# sea horses and axolotls help please



## kev smif (Dec 16, 2008)

i would really like to have either of these in the future how much roughly am i looking to spend for set ups for either of these are they easy to keep or not do i need massive tanks so on and so fourth i always assume the bigger the better seeing how they live in vast waters is this the case?


----------



## iangreentree (Nov 5, 2007)

have you ever kept marine (salt water) before? i used to keep and breed seahorse for a long time, and i have also kept axolotls both very very very different axos are very easy to keep fresh water a good pump good frozen diet and a 2foot tank and your done.Seahorse well you will need lots funds and looks of time and a very good understanding of saltwater fish/reeftanks I could go on and on and on about what you will need and do but i would visit a very good marine fish shop and have a look and a chat about it first and see if you are prepared to put the money,time,knowledge into the hobby. 
then ask on a seahorse forum to see if all the info you have been given is right and if you still want to do it research as much as you can, Im also here for help if you need it(i had a marinefish shop and have been keeping all my life. Dont want to put a downer on what you want to do but so many people see sea horses and think i want one:devil: and due to not knowing what is involved in keeping them kill them and say they are hard to keep ill never do it again, saltwater isnt that hard to takes a bit of money and lot of hardwork.


----------



## xyra (Apr 26, 2007)

iangreentree said:


> have you ever kept marine (salt water) before? i used to keep and breed seahorse for a long time, and i have also kept axolotls both very very very different axos are very easy to keep fresh water a good pump good frozen diet and a 2foot tank and your done.
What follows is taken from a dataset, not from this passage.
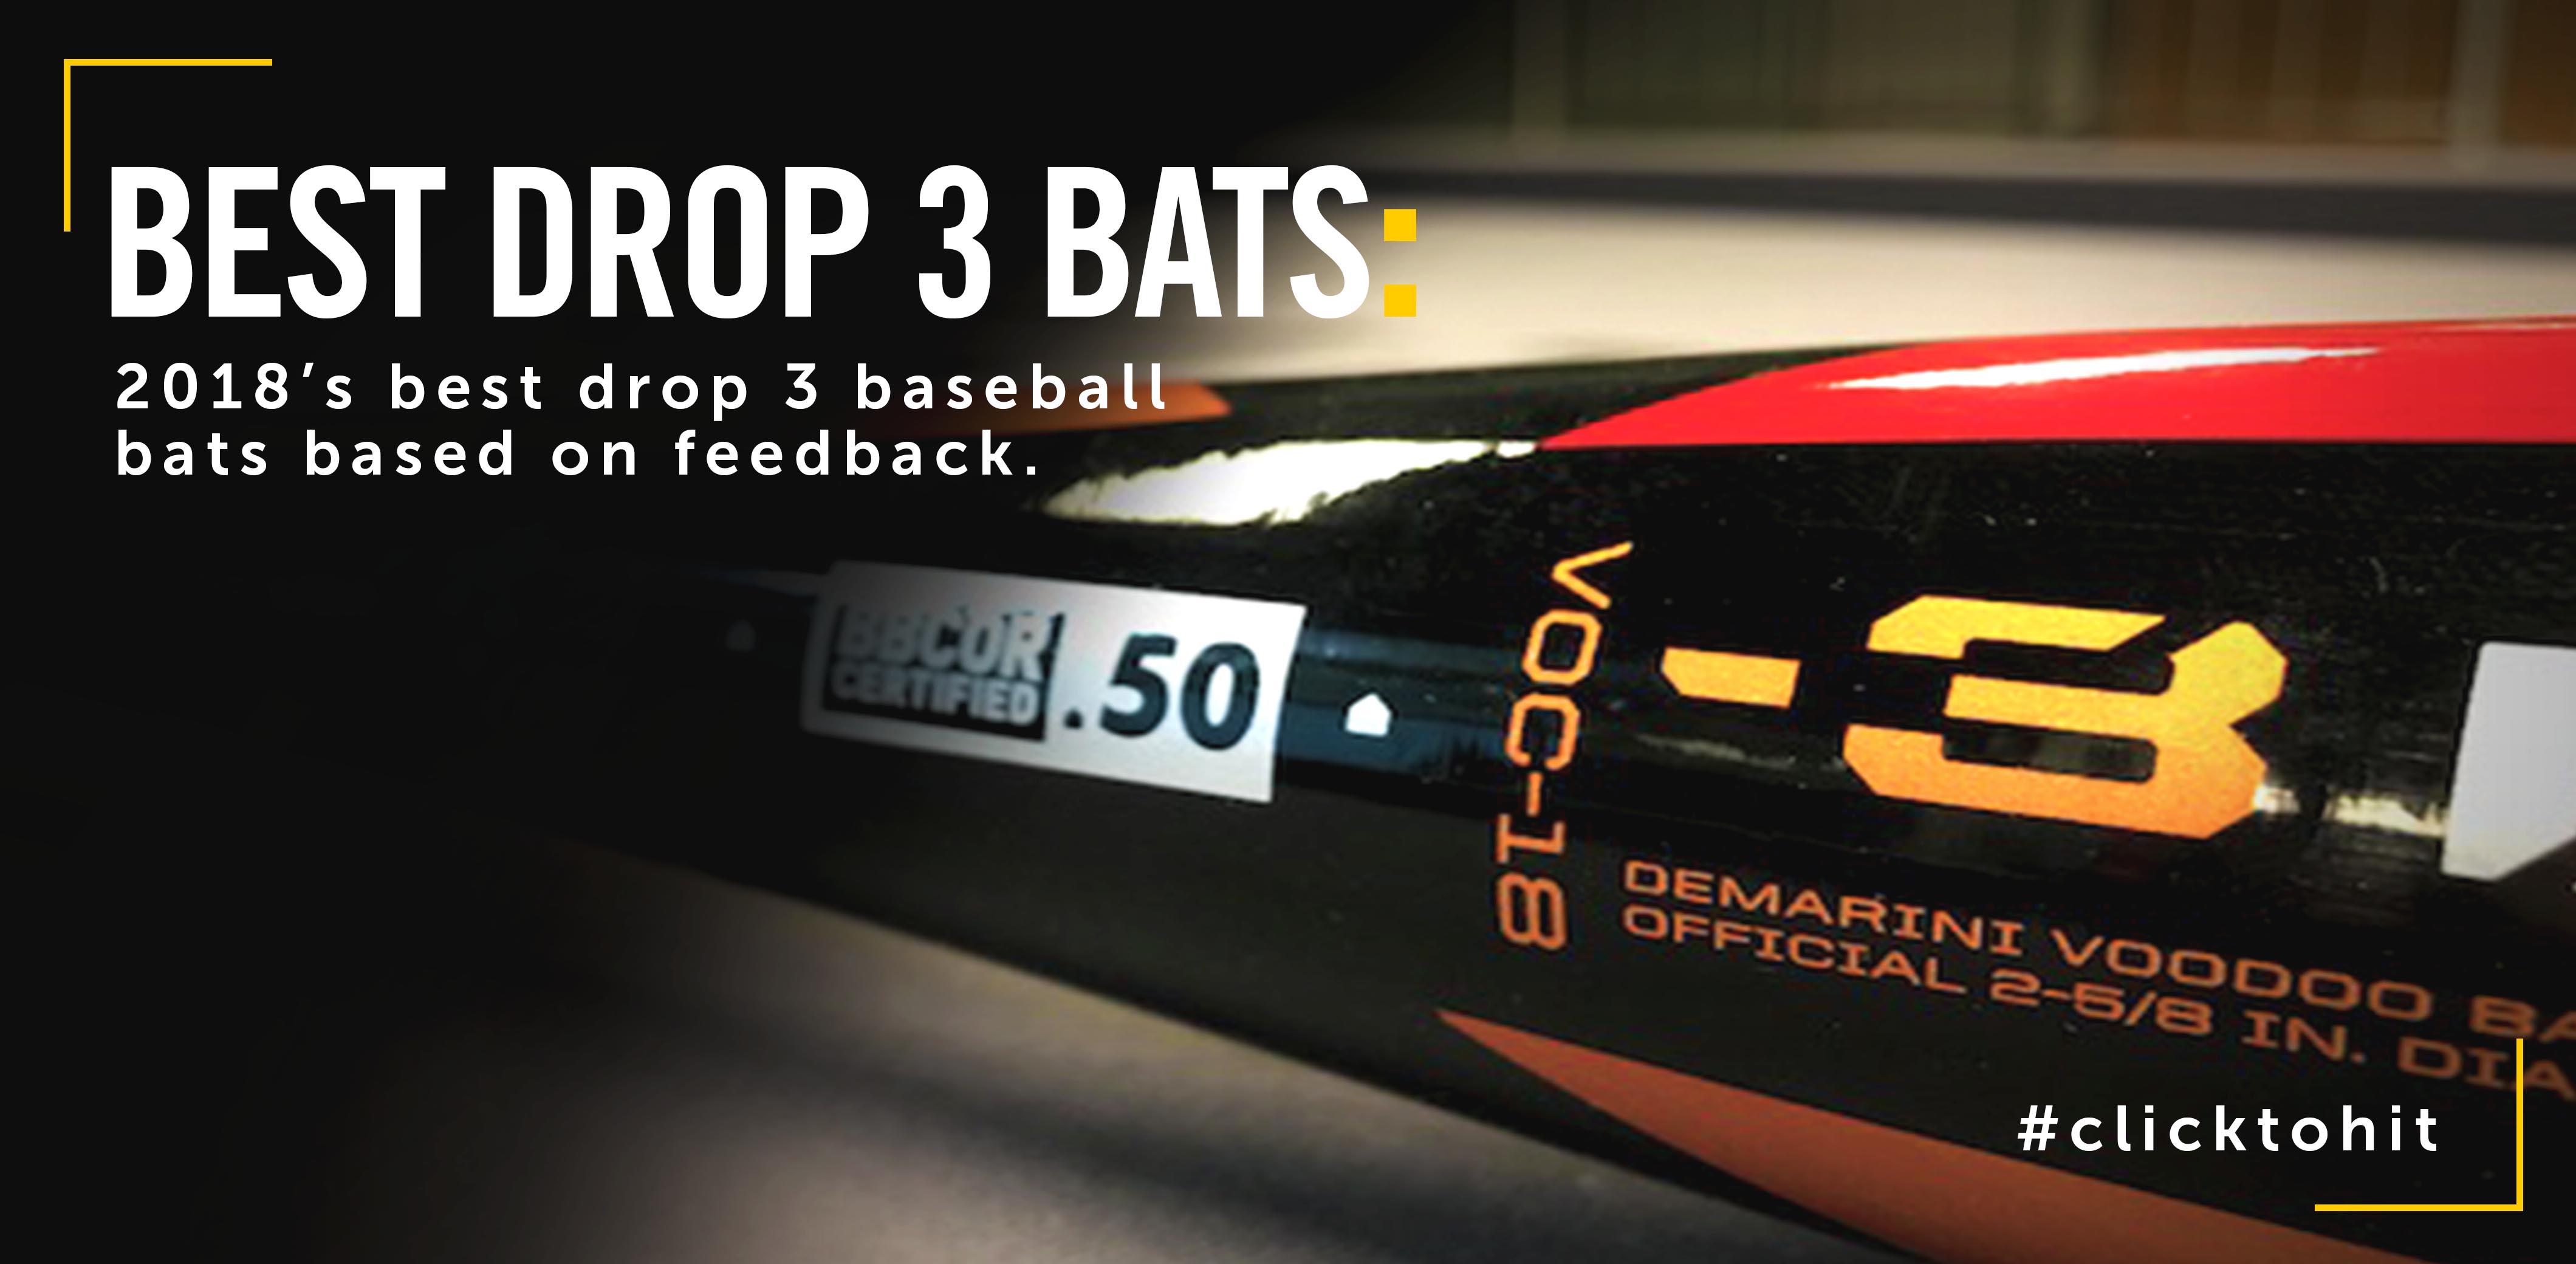 Best 2018 Drop 3 Bats
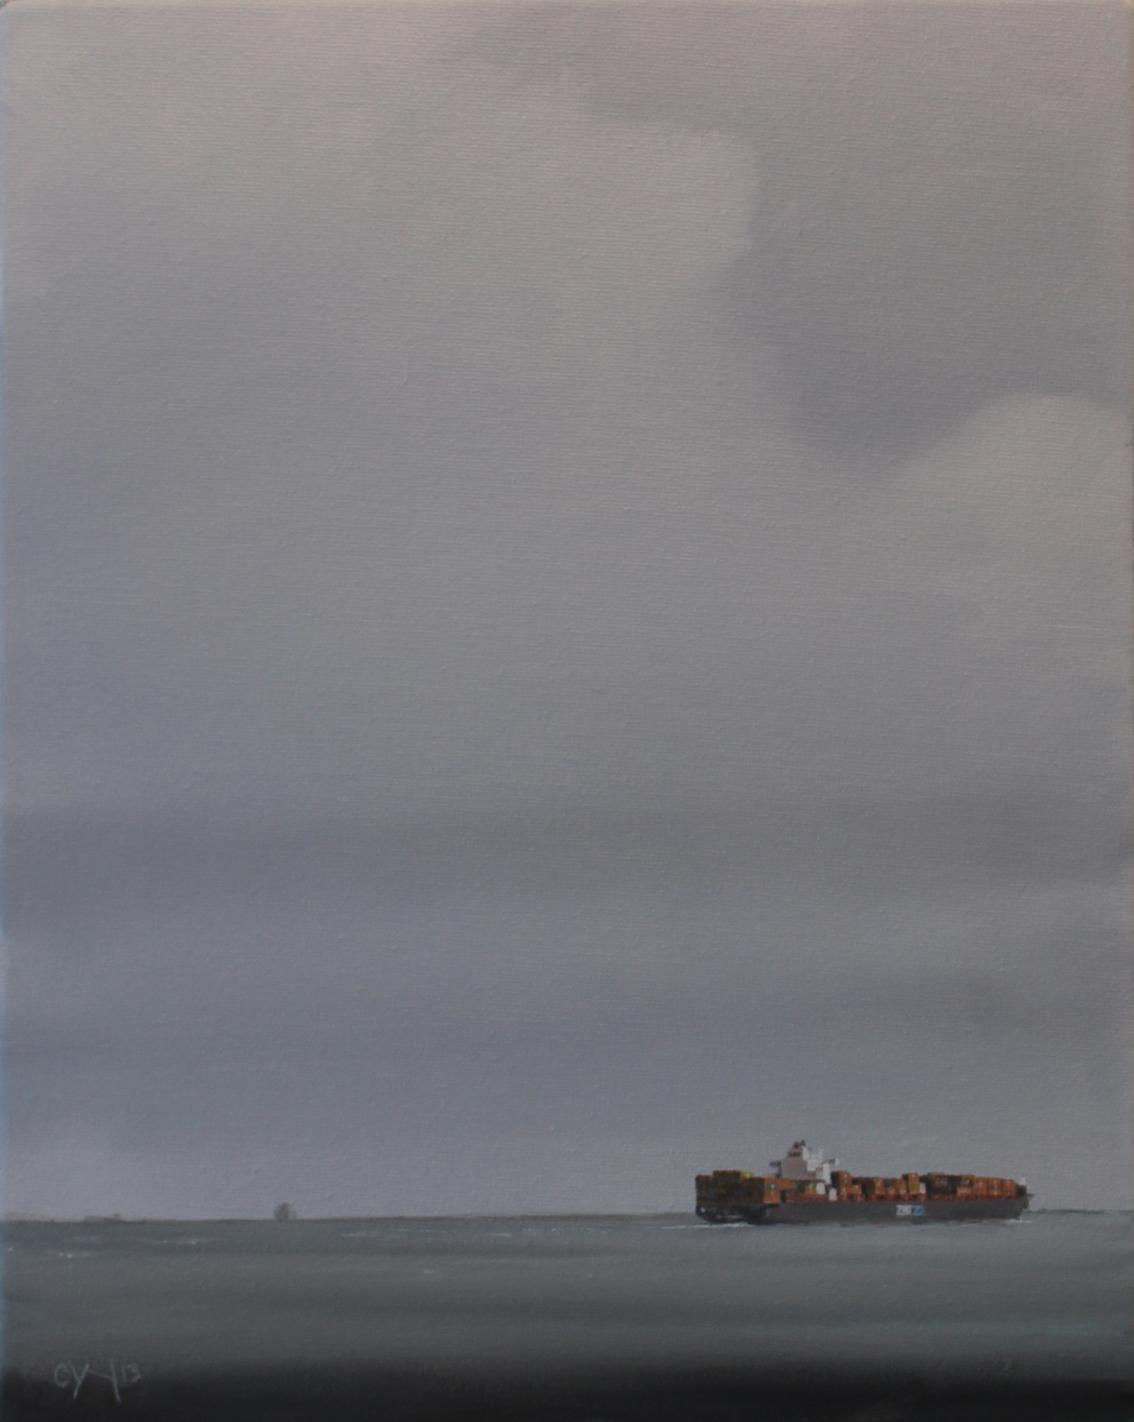 'Zim Mediterranean w/ ACL Atlantic Compass'

Be careful of some shop bought Axolotls - Make sure. I had some which had persistant problems (gills not growing properly, couple of other issues). Some others I talked to in the area had similar problems from different shops. I suspect that may have been a particularly inbred or unhealthy batch came though (can't prove it though, may just have been husbandry in every case). This was about 1.5yrs ago so it may not be an issue any more, but I would suggest getting from as breeder (such as many on here)


----------